ATRA, when first used to treat APL, was found to result in a previously undescribed, potentially life-threatening set of toxicities in some patients. Originally called retinoic acid syndrome, we have come to learn that this is a differentiation syndrome, seen not only with ATRA but with arsenic trioxide in APL and now with a cohort of newer agents in AML therapy. Its identification remains a challenge, because the symptoms of differentiation mimic those of the disease and treatment is not without consequences. Given the risk of morbidity and mortality associated with underdiagnosis, the How I Treat series on differentiation syndrome illustrates several scenarios to assist in both diagnosis and treatment.

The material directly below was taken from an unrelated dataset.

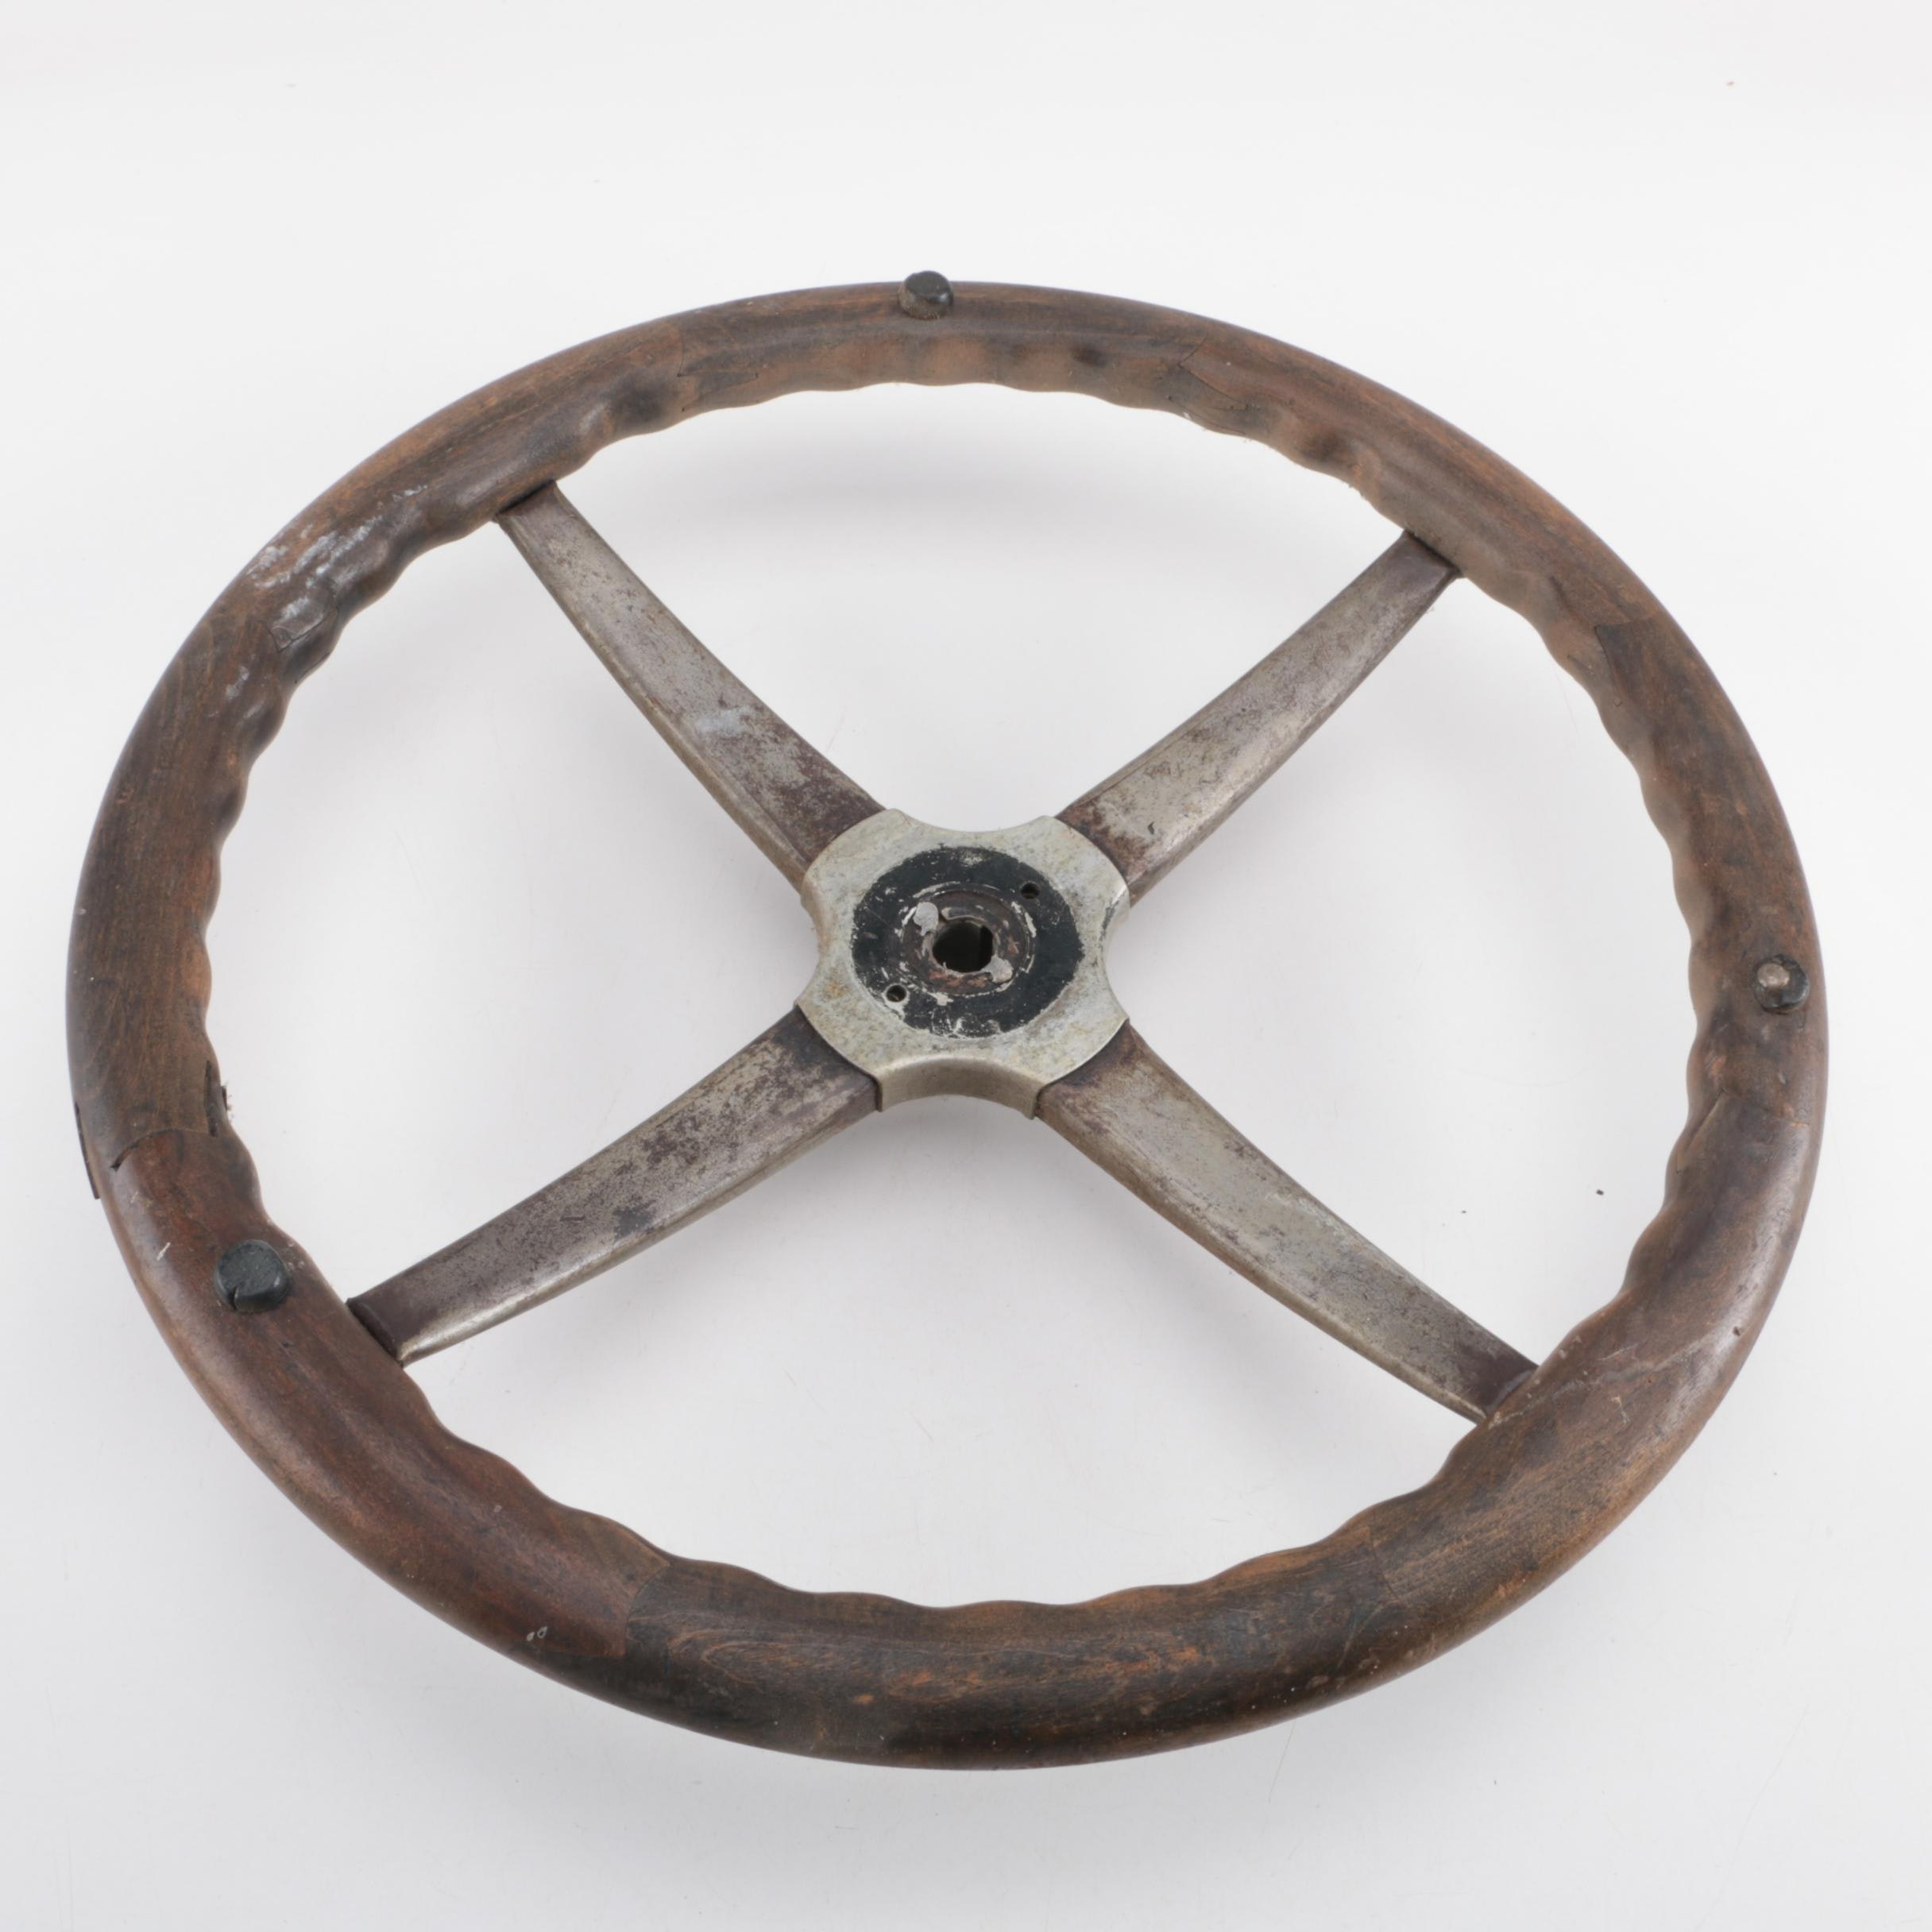 Wooden Steering Wheel, 20th Century

Although novel agents have allowed us to provide life-prolonging therapy to older patients and patients with comorbidities, and targeted agents, alone or in combination with cytotoxic and lower-intensity regimens, are now being used not only for relapse but also in patients with newly diagnosed AML, patients with secondary AML continue to pose a challenge. Some of these patients have received hypomethylating agents for prior myeloid disorders or have mutations that are thought to be unlikely to benefit from the newer regimens. Often not included in clinical trials, expert guidance is welcome in both the analyses of value at diagnosis and treatment of these challenging cases.

Although most patients with AML will now achieve a remission, relapse and death from disease is still unfortunately a significant challenge. As such, allogeneic transplant remains the mainstay of therapy for those patients who do not have low-risk disease. For those patients who are not candidates for transplant or remain high-risk despite transplant, patients and physicians alike have always considered extending treatment, but until recently there were no agents available that offered a safety, toxicity, and efficacy profile that was of value. Hypomethylating agents have now been demonstrated to be of value as maintenance therapy in patients who do not proceed to transplant in first remission, however, many questions remain regarding the duration of maintenance, the role of maintenance after transplant, the use of targeted agents, and the approach to those for whom studies are not available.

By using illustrative patient examples, through narrative, tables, and figures, these How I Treat articles provide valuable insights and recommendations concerning the management of AML in an exciting evolving era with new diagnostic and therapeutic tools.